Posts Tagged ‘winterbierfestival’

A Day in the Life of a Pint Member

It’s November, when you come home from work it’s dark. The wind has the early signs of that winter chill. You go online and try to find out when the Winterbeerfestival in Gouda is in January. The Pint website has the information, the calendar in your phone now has a new entry for the 19th of January.

When New Years is over and you have started work after the break you occasionally check the website, maybe the list of brewers and beers is available. Once it is you read it through, and you gasp. So much new stuff I haven’t had yet.

On Saturday you check when the buses and trains go. To be sure on Sunday morning you look it up on your phone. As long as you get to Gouda things are ok, since the school where the festival is, is right behind the station. You walk towards it, and notice they didn’t hang signs for the festival on the lampposts like they used to.

You arrive at the school, pay the 20 euros for entrance, a glass, a booklet and 8 tokens and start looking for a place to sit. You’re early, so there is.

gouda1Even though you have checked the list of available beers thoroughly you open the booklet and make a decision. There are two Oersoep beers you are dying to try. You don’t often get the big bottles at home so this is a perfect chance. There’s just too much to choose from. A few years ago frequently going to the specialty shops, bars and festival was enough to keep up-to-date with what was brewed in the country. You’ve reached the point now where you can’t keep up. You both celebrate and lament this. You are proud to have been at the start of the boom of Dutch beer, but its success means it’s getting harder and harder to actually try everything.

You look around and see the familiar sights:

At this festival the pourers are volunteers. The brewers, if they are here, walk around freely. More like fans of craft beer than actual brewers. They meet other brewers, talk about the trade and try each other’s beer. You like that, they are not rivals, they are guildsmen aiming for the same things.

Around the large round tables people sit. They all have a different beer in their hands. They smell, taste and look up. They look for something to say about the beer, then write it down. The glass then goes to someone else around the table. These are the beerhunters. Even though you consider yourself to be one, you feel you should at least have half a glass before writing an honest report of what you tasted. Some beers change with temperature, they get worse, sometimes more good flavors rise. You admire their zeal, but it’s not for you.

You love rating, but your iPhone is already 3 years old and the battery doesn’t last as long as it once did. Heavy use of it to add your rating on RateBeer drains the battery, so you scribble down the 5 numbers and a short review in a notebook you brought. Untappd is easier, so you use that for quick check-ins.

You feel more connected to the couples who are here. Gradually it’s becoming more diverse and not just a middle-aged men hobby.

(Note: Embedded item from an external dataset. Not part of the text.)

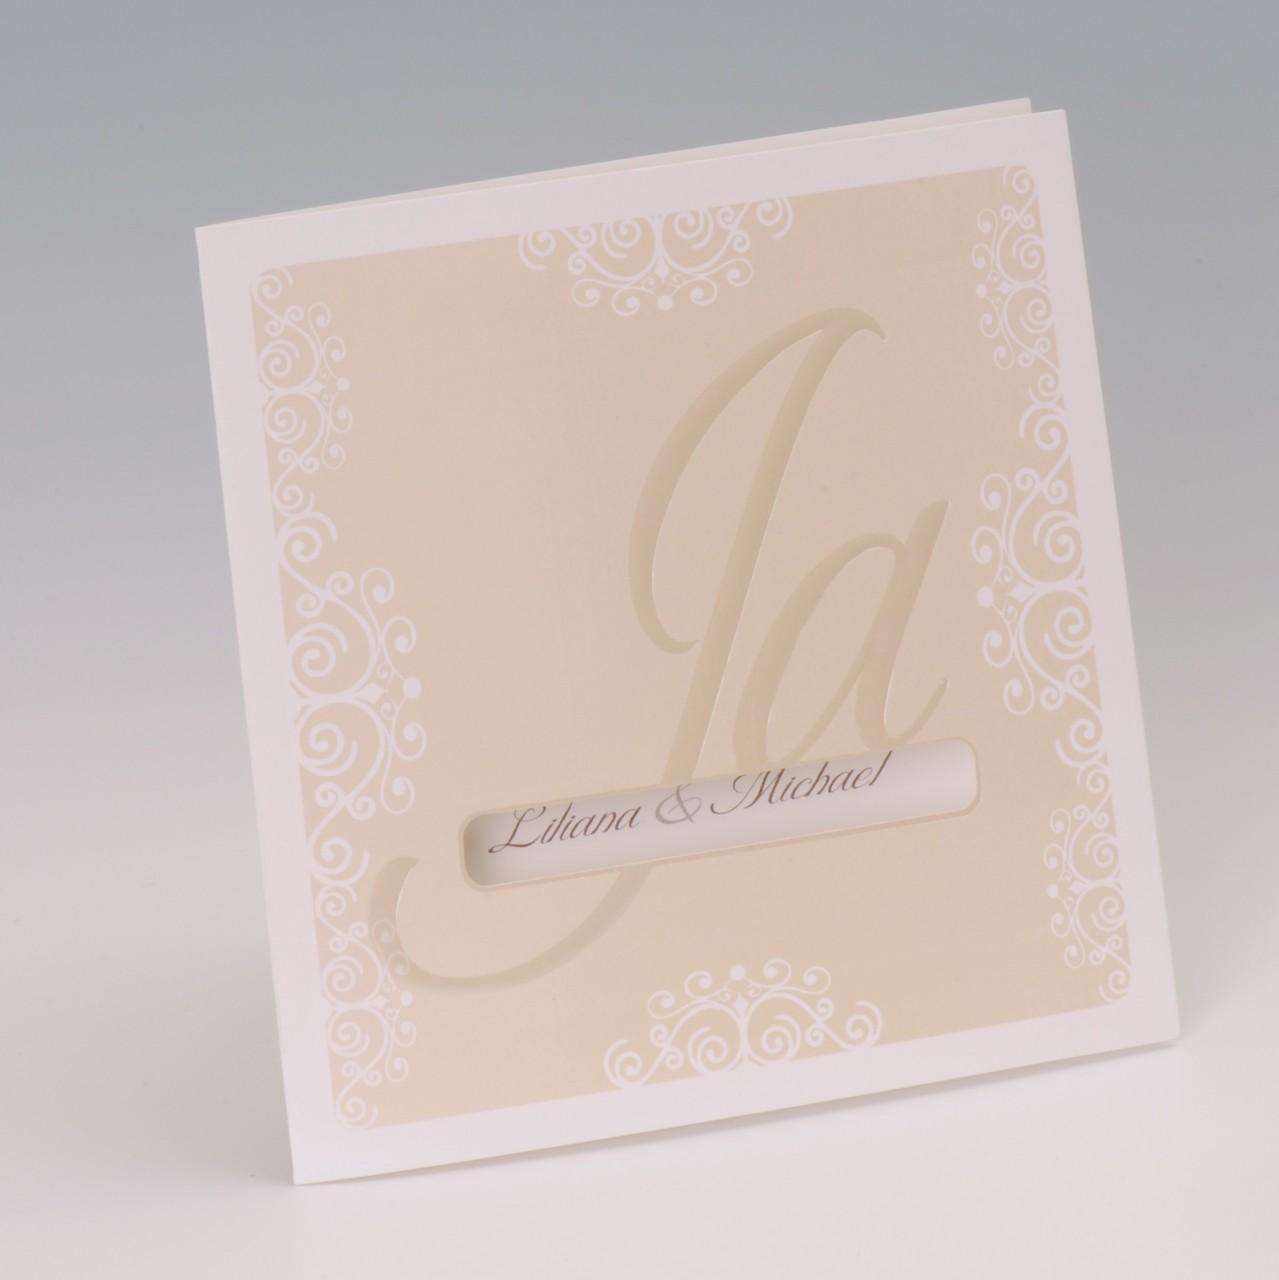 Einladungskarte - H 1989

More and more you see men wear T-shirts of breweries. They look like the sort of guys who when they were young had their Clash, Cure or Smiths T-shirt on. Now these shirts are worn through, the bandlogo barely legible after decades of wearing and washing. They have new shirts now, shirts two sizes bigger. The further away the brewery the more special they shirt, just as that shirt you have from that one band no one really knows about. Your classmates all had Springsteen shirts, you had a Devo shirt. You have a few beer T-shirts at home as well, but it’s winter now and too cold for T-shirts.

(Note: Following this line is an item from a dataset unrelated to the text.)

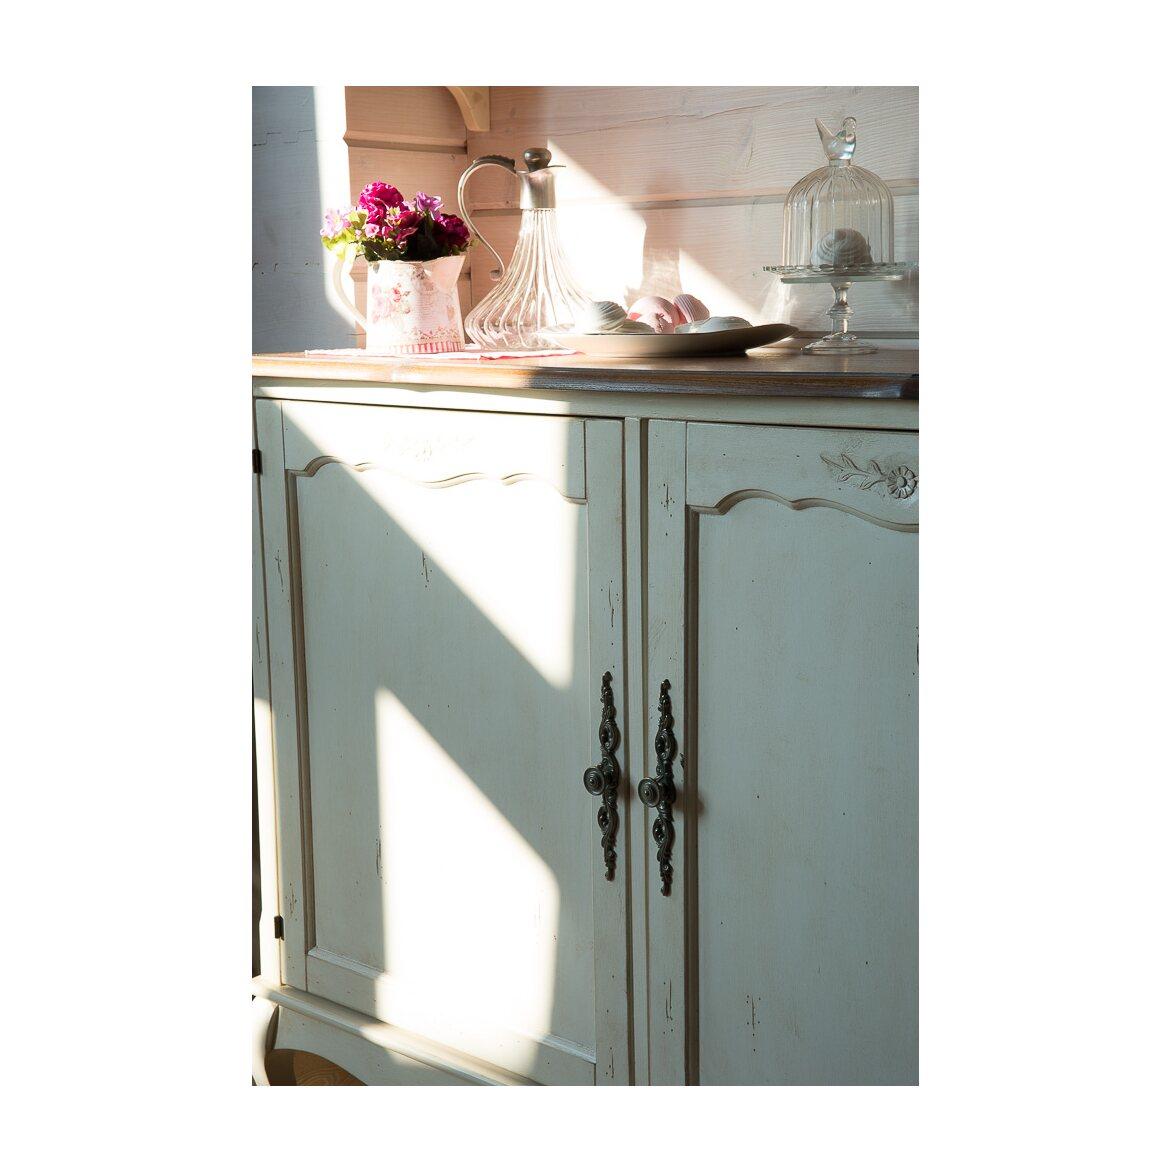 Буфет двухстворчатый Leontina, лавандового цвета 3 | Буфеты Kingsby

Groups of friends, two or more, wander around. They look like this is the first time they’re at a festival like this. In larger groups there is one person who has been here before, he knows the ropes, he will tell you what else there is.

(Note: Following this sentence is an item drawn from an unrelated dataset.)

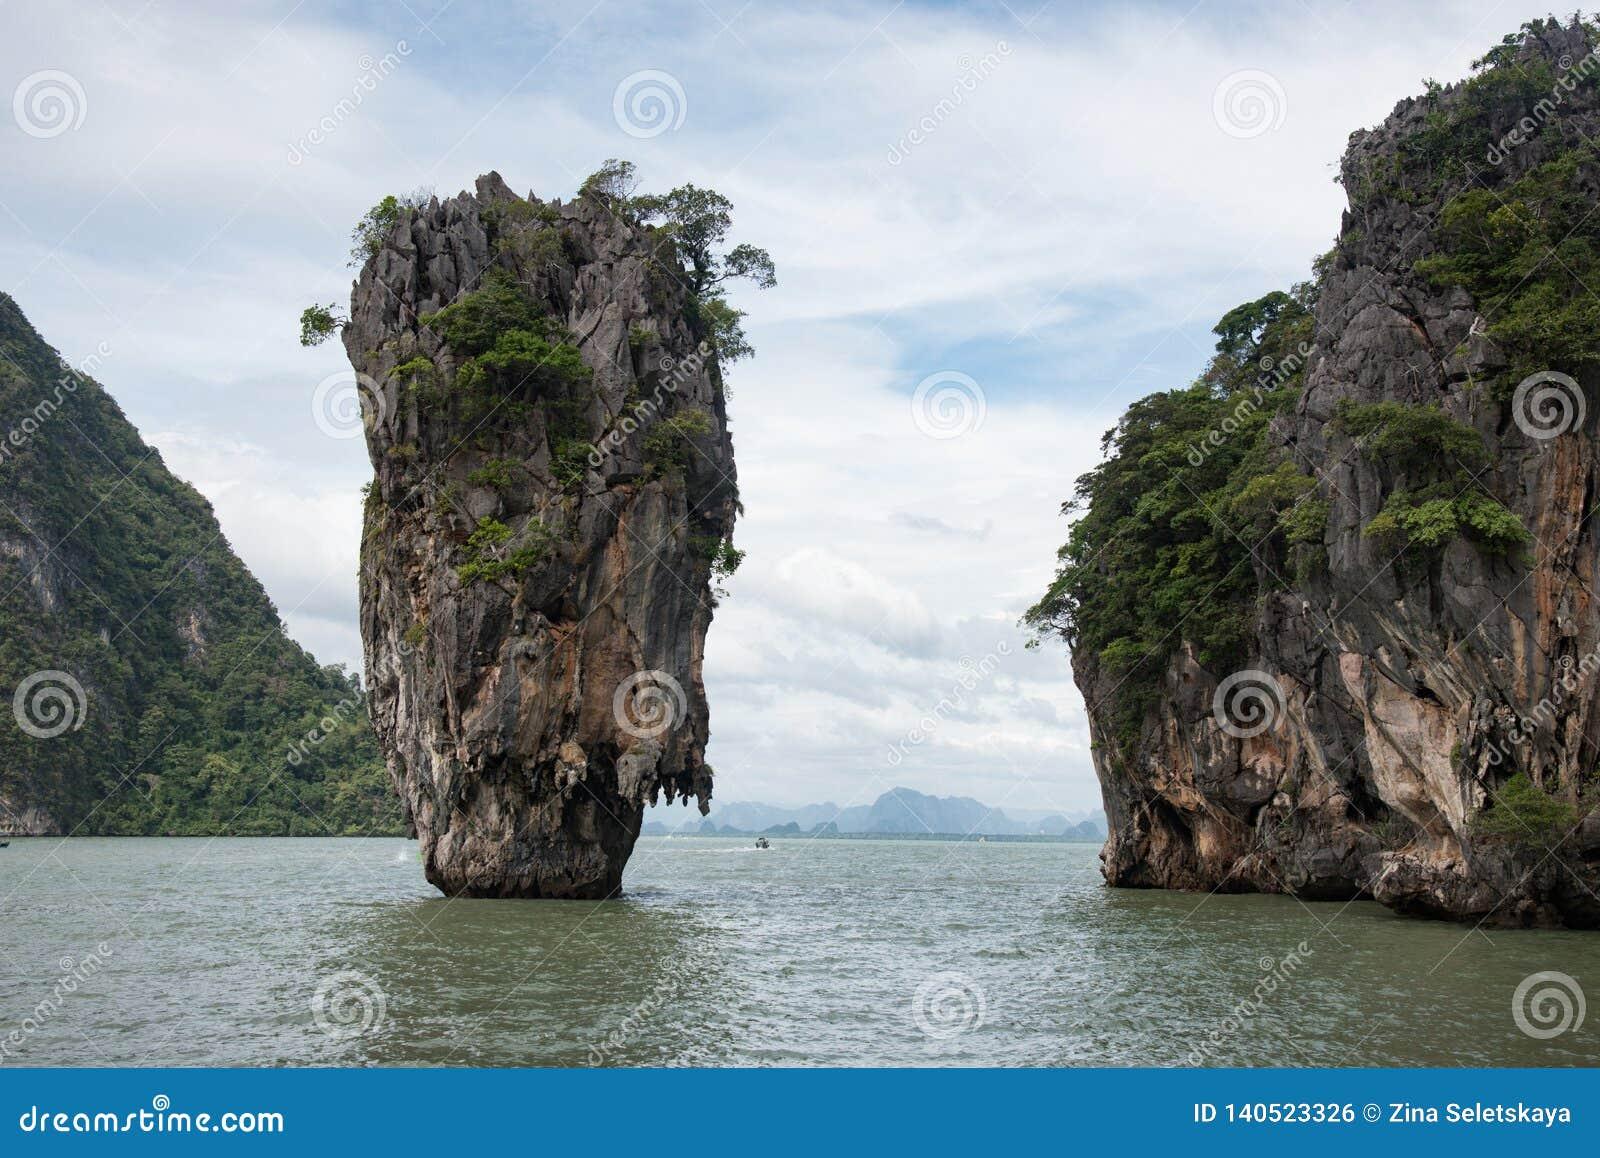 Famous James Bond Island Thailand Stock Photo Image Of

You went through the eight coins. You decide you had enough. The Oersoep beers were amazing, the De Molen didn’t disappoint and you had some beers from breweries that were still blank for you. These are winterbeers and the average 9% you had today is getting to you. You’re a beerlover you tell yourself, you hate drunk people who only drink because of the alcohol. You get your coat and leave again. If there’s time at the railway station you will get something to eat, if not there’s enough at home.

Tomorrow people will ask what you did over the weekend. Alice from accounting will say she doesn’t like beer. You try and tell her that Heineken really is something else than what you had. Her boyfriend drinks a La Chouffe once in a while, so she tells you he is really into Belgian beer as well. You almost start talking about all the great breweries in this country and that Belgium really isn’t the most important beercountry anyway, but you doubt if that will register. You leave it at that, and return to your desk with the coffee. There’s a festival again in March, Leeuwarden this time, it’s on your calendar now.